Traffic Sign Recognition With Speed Control (UniTrain)
Attentive observation facilitates anticipatory driving. Today this applies as much to the vehicle as to the driver. Modern vehicles thus control their speed by recognizing traffic signs themselves by means of cameras. The UniTrain system lets you bring a camera to the student's workstation that records the area in front of the vehicle. The system includes different traffic signs as well as software for monitoring the data on the PC. The e-learning module guides the trainees through the detailed process of putting a traffic sign recognition system complete with speed control into operation. The learners investigate the process of integrating the camera into the system as a whole, get to know the limitations of the system and conduct various practical tasks. And, of course, the system also provides them with the necessary diagnostic skills.
Gesture Control and Capacitive Touchscreens (UniTrain)
Vehicle operation, too, has a major influence on how well we cope with the ddriving task. In their search for the simplest possible intuitive operating controls, car manufacturers are increasingly relying on alternative methods of entering commands. Instead of haptically actuated switches and control knobs, modern vehicles are increasingly equipped with on-board touchscreens and voice control systems. The latest trend is gesture control. These are systems that respond without having to touch anything. Thus, for example, the tailgate can be opened with a foot movement. For modern automotive mechatronics technicians, diagnostic skills are essential for such operating concepts. UniTrain allows trainees and students to learn how capacitive sensors work and what their differences are in terms of operation. Another important aspect is getting to know the integrated gesture control system through practical experiments. In numerous diagnostic assignments, the trainees develop a diagnostic strategy independently and isolate the malfunction.
Electronic Stability Program – ESP (UniTrain)
Modern braking systems have long been an essential part of our vehicles. The use of electronic aids such as ABS, TCS and ESP has significantly improved road safety by keeping the vehicle stable within the physical limits. The individual systems build on each other and use some of the same sensor signals. The UniTrain system lets trainees and students get to know the different systems' mode of operation and control processes. The training system makes the rapid processes visible to the human eye. Trainees and students can explore all the relevant driving situations in a practical manner by varying simulation parameters such as surface conditions, steering angle or braking force. The integrated fault simulator and various knowledge tests provide them with important diagnostic skills.

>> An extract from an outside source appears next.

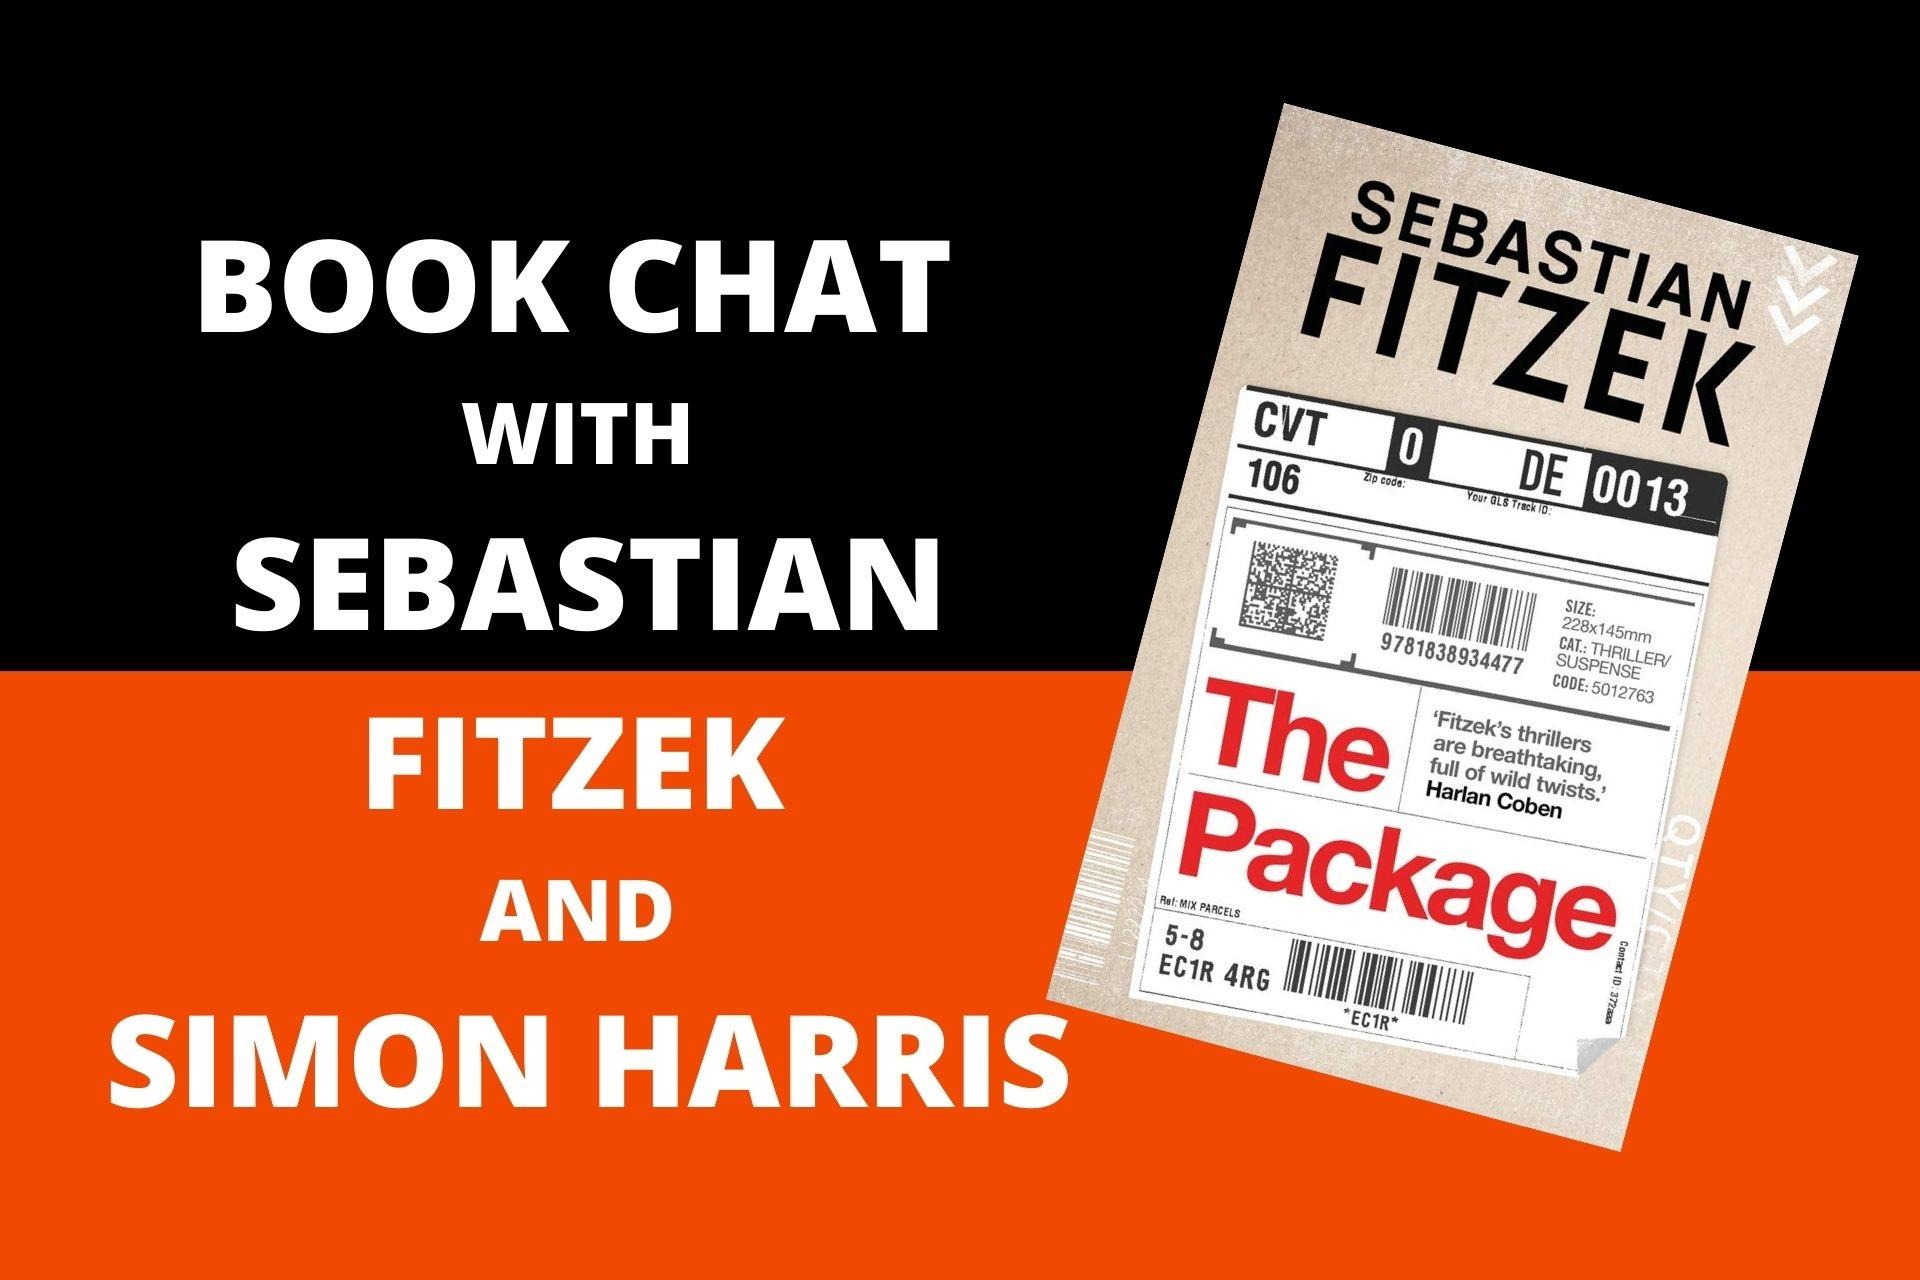 Book Chat with Sebastian Fitzek and Simon Harris

Calibration on a Training Vehicle: The Link to Real Vehicles
In practice, calibrating driver assistance systems is the most important task in terms of diagnostics and repair in this area. The digitally connected LN training vehicles - equipped with front camera systems and radar where required - allow the trainees and students to apply the knowledge they acquired in the basic course. The equipment needed for this consists of a calibration system for camera and radar, the relevant diagnostics tester and other accessories.